Sachchida Nand Singh1, Gaurav Srivastav2and Arun Bhatt2*

1Department of Chemistry, S.G.G. ( P.G.) College, Dobhi, Jaunpur, 222149 India

2Department of Biotechnology, G.B. Pantt Engineering College Gurdahur, Pauri Garhwal, India

DOI:http://dx.doi.org/10.12944/CWE.7.1.20

Wastewater was collected from the Dheradun industrial area situated in capital of uttrakhand.

Samples were collected between the periods of November 2010 to Aug.2011 determine the following parameters, pH, temperature, turbidity, chemical oxygen demand (COD), Biological oxygen demand(BOD), dissolved oxygen (DO), conductivity, total dissolved solid (TDS), total suspended solid (TSS), sulphate, nitrate, nitrite and phosphate. In addition, metals (copper, cobalt Chromium, iron, manganese, magnesium, nickel cadmium, lead, sodium, potassium and calcium were determined.

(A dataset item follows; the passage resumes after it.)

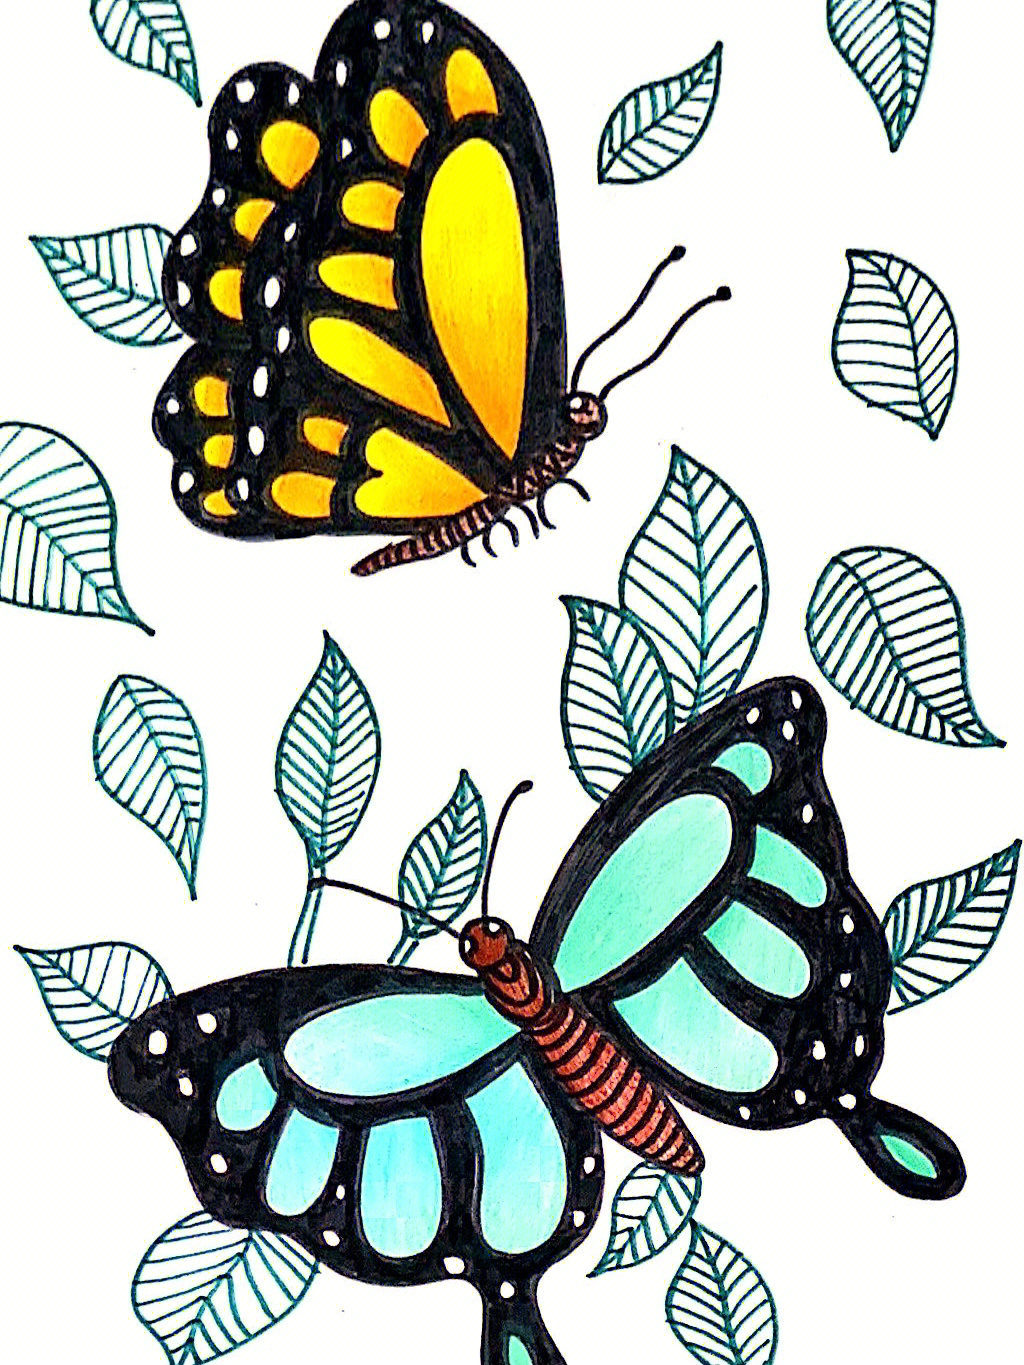 线描画蝴蝶简单图片

Levels of pH, conductivity, temperature, nitrate, nitrite, sulphate, phosphate, TSS, TDS, DO, BOD and COD were higher than the maximum permissible limits set by Bureo of Indian Standard Delhi. The concentrations of the metals in the wastewater were higher limits set by W.H.O. and the maximum contaminant levels (MCL Thus, the wastewater around the Dheradun industrial highly polluted. Domestic and industrial waste should be properly disposed and or recycled. Relevant agencies should make continuous effort to control, regulate and educate populace on indiscriminate waste disposal from domestic and industries within the study area. Physicochemical Determination of Pollutants in Wastewater.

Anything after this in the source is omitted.